For the hepmc, the easiest would be to ask pythia8 to not generate such file (I guess that you customise already py8 mode since this is our current only output of py8/...) For that you should refer to the PY8 manual and put the associate flag within the pythia8_card.dat

Cheers,

Olivier

Revision history for this message
William Shepherd (will-shepherd) said :
#2

Hi Olivier,

I've only tested it on a single file, I'll play with what would be needed to get this to work on two example files and place the proposed code here when I have it.

The trouble with just not requesting the hepmc is that it's needed for Delphes, so I can't simply turn it off at the py8 step in the card; the 'storing pythia8 files...' step is outside any process straightforwardly controlled by cards at this time. I don't know what changes would be necessary to produce a switch that tells the code whether or not to gzip those files after they've been used by Delphes, which is why I asked the question.

Best,

Will

Revision history for this message
Olivier Mattelaer (olivier-mattelaer) said :
#3

ah ok,

So you do use the hepmc, I was missing that point.
Ok I see the point now.
I will think on how to add such switch.
My first though would be to have a hidden entry of the run_card but this is a bit un-natural.
A second idea would be to have a special analysis mode for that
analysis=Delphes/nohepmc

Cheers,

Olivier

> On 5 Nov 2019, at 22:27, William Shepherd <email address hidden> wrote:
>
> Question #685621 on MadGraph5_aMC@NLO changed:
> https://answers.launchpad.net/mg5amcnlo/+question/685621
>
> Status: Answered => Open
>
> William Shepherd is still having a problem:
> Hi Olivier,
>
> I've only tested it on a single file, I'll play with what would be
> needed to get this to work on two example files and place the proposed
> code here when I have it.
>
> The trouble with just not requesting the hepmc is that it's needed for
> Delphes, so I can't simply turn it off at the py8 step in the card; the
> 'storing pythia8 files...' step is outside any process straightforwardly
> controlled by cards at this time. I don't know what changes would be
> necessary to produce a switch that tells the code whether or not to gzip
> those files after they've been used by Delphes, which is why I asked the
> question.
>
> Best,
>
> Will
>
> --
> You received this question notification because you are an answer
> contact for MadGraph5_aMC@NLO.

Revision history for this message
William Shepherd (will-shepherd) said :
#4

I have success with the following two lines (to replace the sed command in madevent_interface.py):

os.system(' '.join(['head','-n','-1',hepmc_file,'|','tail','-n','+'+str(n_head),'>','tmpfile']))
os.system(' '.join(['mv','tmpfile',hepmc_file]))
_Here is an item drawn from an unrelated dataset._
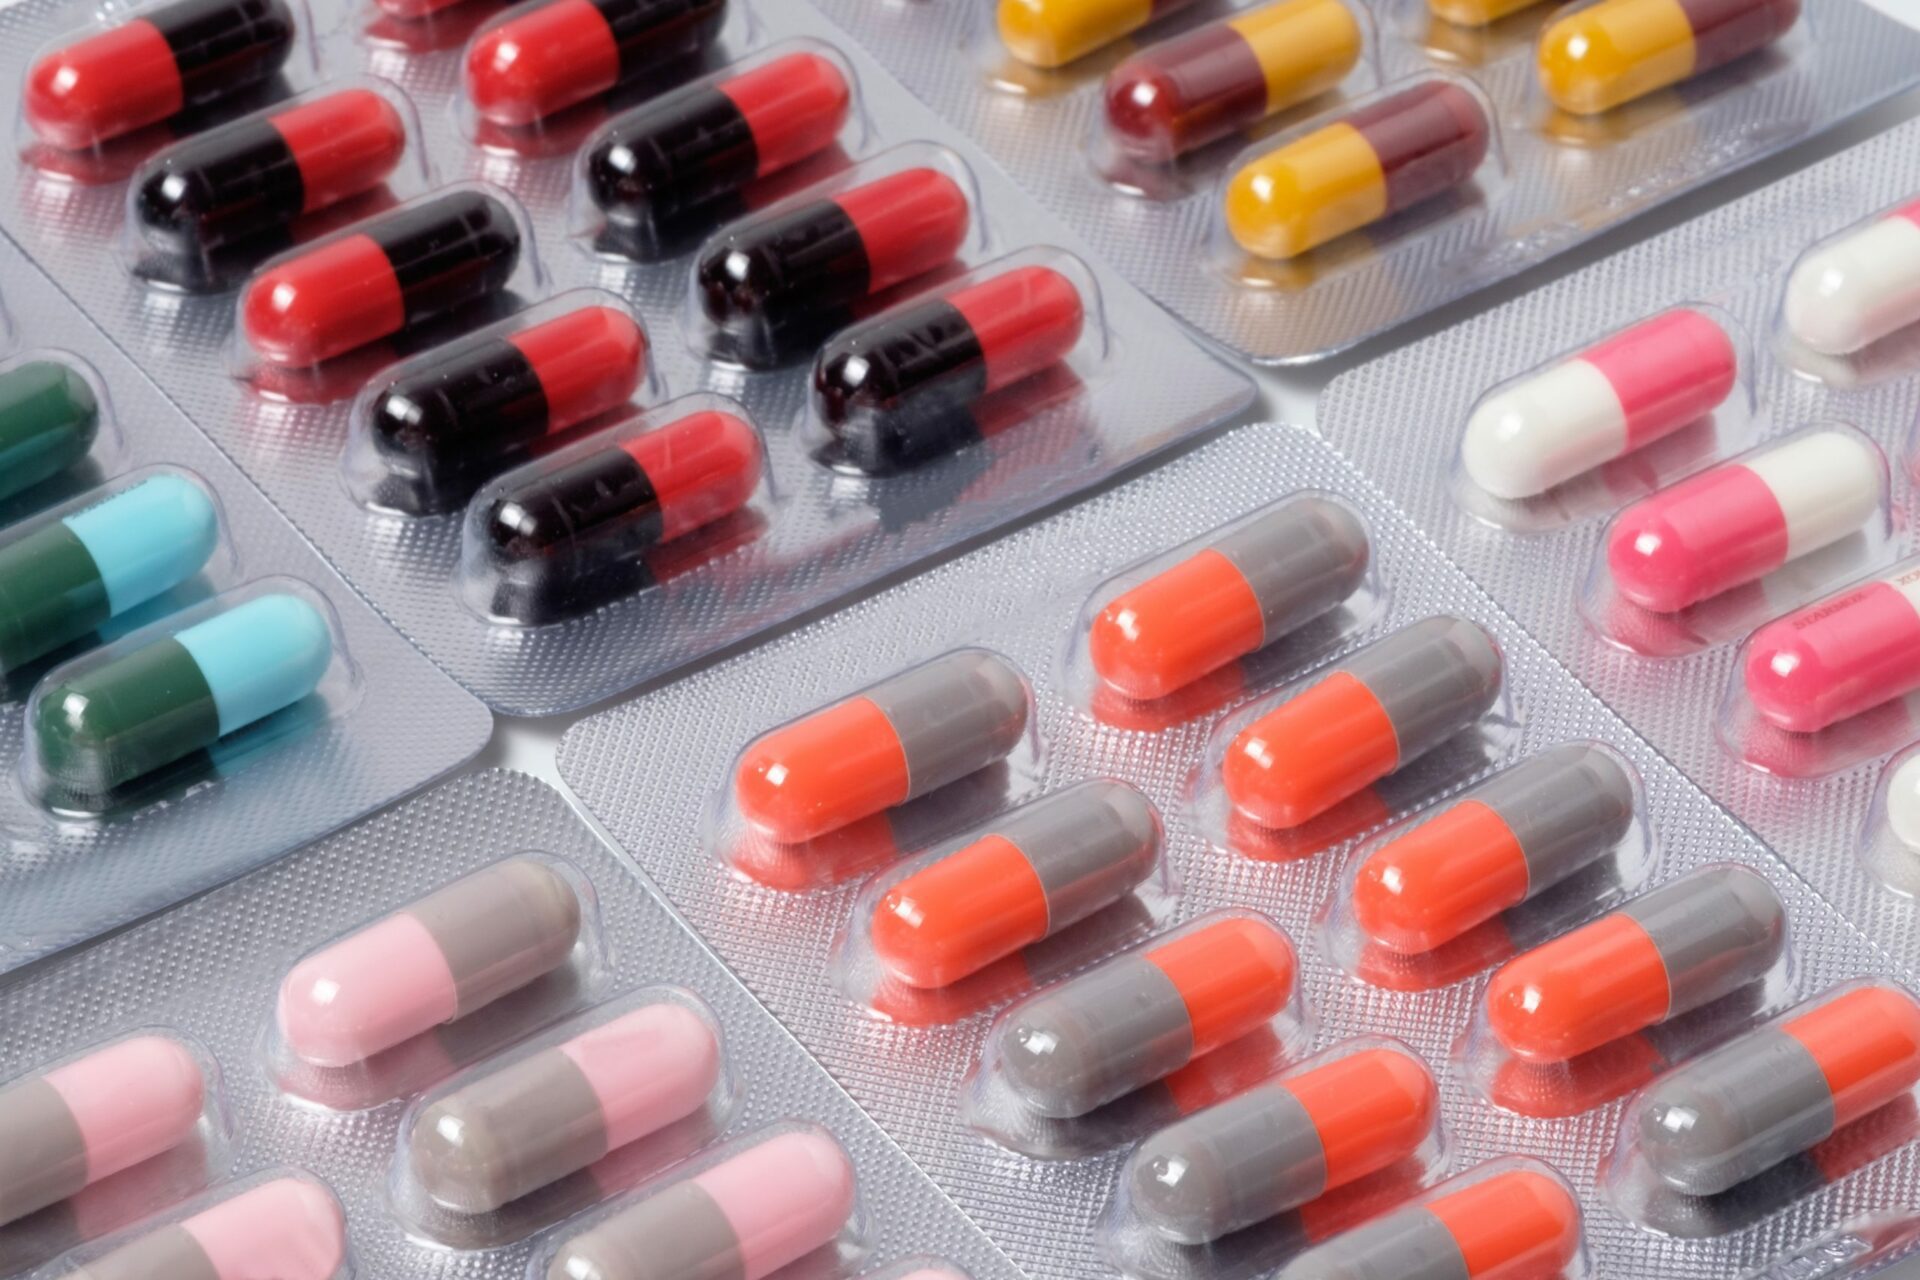 Tidak meminum antibiotik lengkap yang diresepkan oleh dokter Anda dapat menyebabkan peningkatan resistensi antibiotik.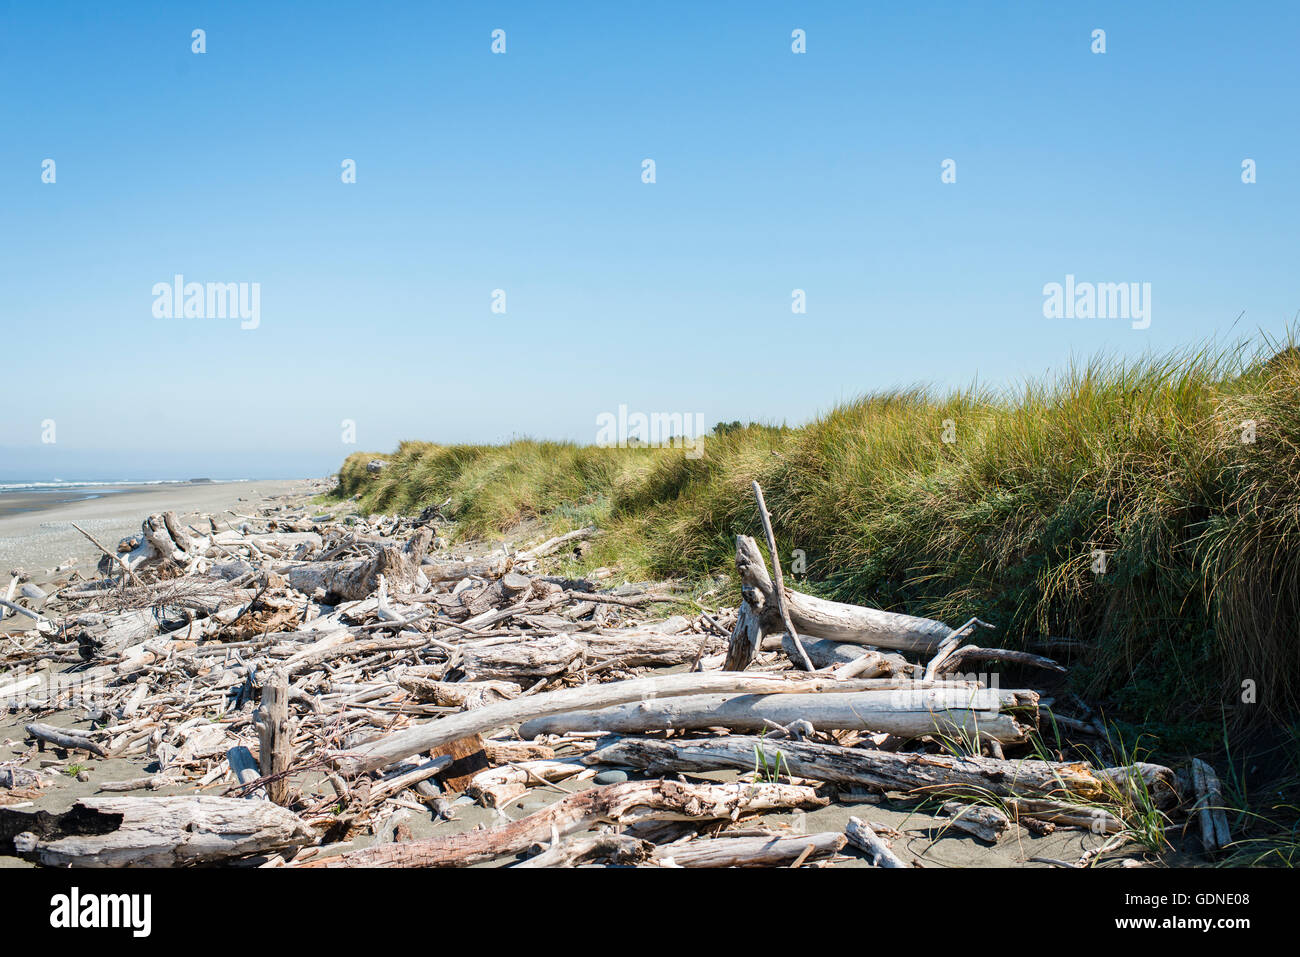 Driftwood washed ashore on beach, Oregon Coast, USA Stock Photo

However, I hear rumors that the OSX version of head doesn't have this functionality. I haven't done detailed timing comparisons inside the python code yet either.

Revision history for this message
Olivier Mattelaer (olivier-mattelaer) said :
#5

head seems to have the options -n on mac (at least on Mojave)

Thanks,

Olivier

> On 6 Nov 2019, at 15:52, William Shepherd <email address hidden> wrote:
>
> Question #685621 on MadGraph5_aMC@NLO changed:
> https://answers.launchpad.net/mg5amcnlo/+question/685621
>
> William Shepherd posted a new comment:
> I have success with the following two lines (to replace the sed command
> in madevent_interface.py):
>
> os.system(' '.join(['head','-n','-1',hepmc_file,'|','tail','-n','+'+str(n_head),'>','tmpfile']))
> os.system(' '.join(['mv','tmpfile',hepmc_file]))
>
> However, I hear rumors that the OSX version of head doesn't have this
> functionality. I haven't done detailed timing comparisons inside the
> python code yet either.
>
> --
> You received this question notification because you are an answer
> contact for MadGraph5_aMC@NLO.

Revision history for this message
William Shepherd (will-shepherd) said :
#6

Hi Olivier,

My understanding isn't that head is missing the option -n entirely, but rather that at least some versions of head refuse to take negative arguments to that flag.

Best,

Will

Revision history for this message
Olivier Mattelaer (olivier-mattelaer) said :
#7

so the use of tail/head has been implemented (testing first if the syntax is supported since not even all unix system support such syntax).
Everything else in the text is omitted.